という具合で、さして男同士の関係に対して興味関心は注がれず、ただ好みの異性が手に入らなかった事への嘆きしか見られない。
次に、倫太郎がいきなり楓の家に連れ込まれたシーン。

「昨日 楓さんがよそよそしかったから・・・ もしかしてオレが勘違いしてるだけで あ、遊びだったんじゃないかって思ったんだ」
「さすがに遊びで男は抱かないかなぁ」
「抱っっ っ・・・じゃあなんで・・・」
「これでも罪悪感はあるんだよ 一応ね なんにも知らない君に手を出して しかも生徒で」

今まで散々仕掛けといていけしゃあしゃあと仰いますが、それはともかく。
この台詞は何より「男で同性間でセックスするなら愛がないと無理」という前提があります。
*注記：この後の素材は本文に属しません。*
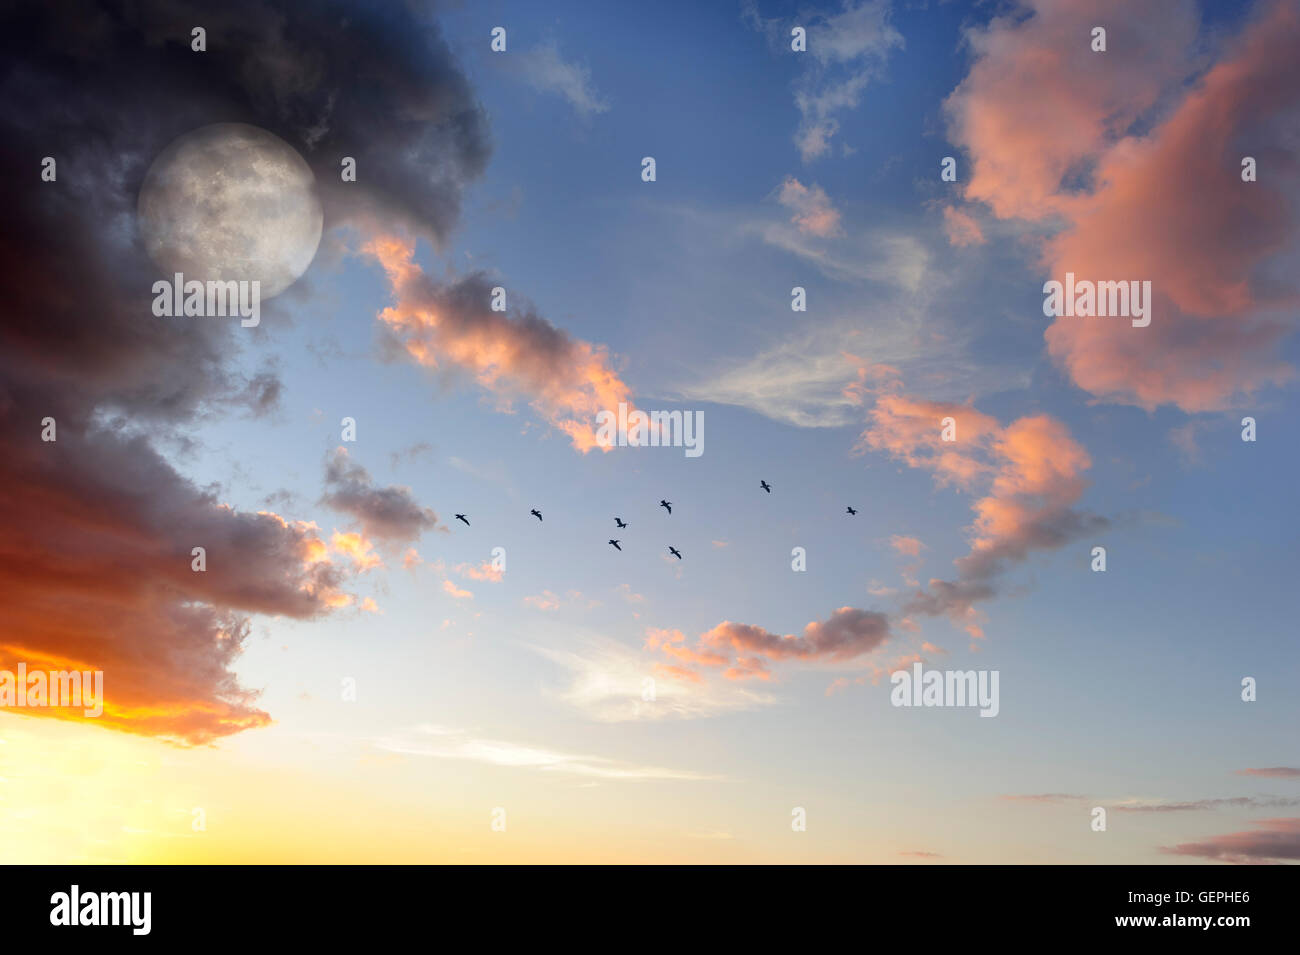 Moon clouds skies is a vibrant surreal fantasy like cloudscape with the ethereal heavenly full moon rising. Stock Photo
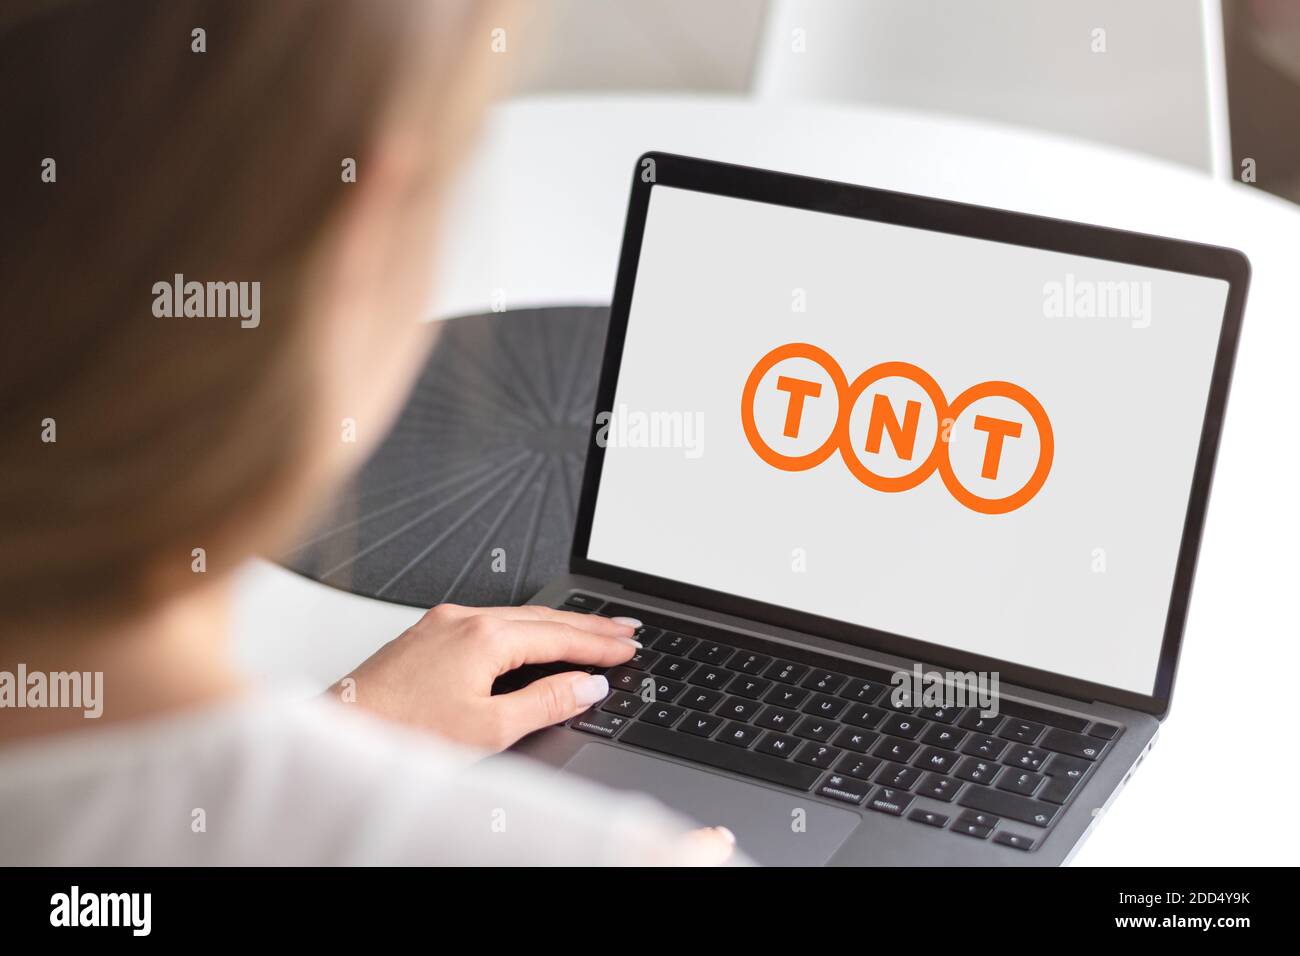 Guilherand-Granges, France - November 24, 2020. Notebook with TNT logo. Dutch international courier delivery services company. Stock Photo

それは、ややもするとBLで定型フレーズである「好きじゃなきゃ男なんか抱くかよ」と重なります。このフレーズの意味するところは「男“なんか”を抱くの“だから”それほどまでにこの愛は確かなものなのだ」といったものでしょう。ソレは言うまでもなく、差別を逆利用して純愛を見出すレトリックであり、ゆえにホモフォビックな性質を伴います。
そして、楓の言葉で注目したいのは「さすがに」という部分。これは、「セクハラをしかけるような自分でも、さすがに男同士に対しては倫理的である」ことを意味するのかもしれません。その場合、「女(異性)遊び」ならまだ奔放な性の持ち主としても「マシ」であるが、男でも(同性でも)遊べてしまえるのは許容されない、とする背景がうかがえます。つまり、よくある「バイセクシュアル=淫蕩」のイメージが再生産されているわけ。

という訳で、この物語は一見すると男同士の愛が異性愛規範によって脅かされないかのようだが、実の所異性愛規範的なバイセクシュアル観が生産される事で“半ば”クィアな性愛が否定されていると言える。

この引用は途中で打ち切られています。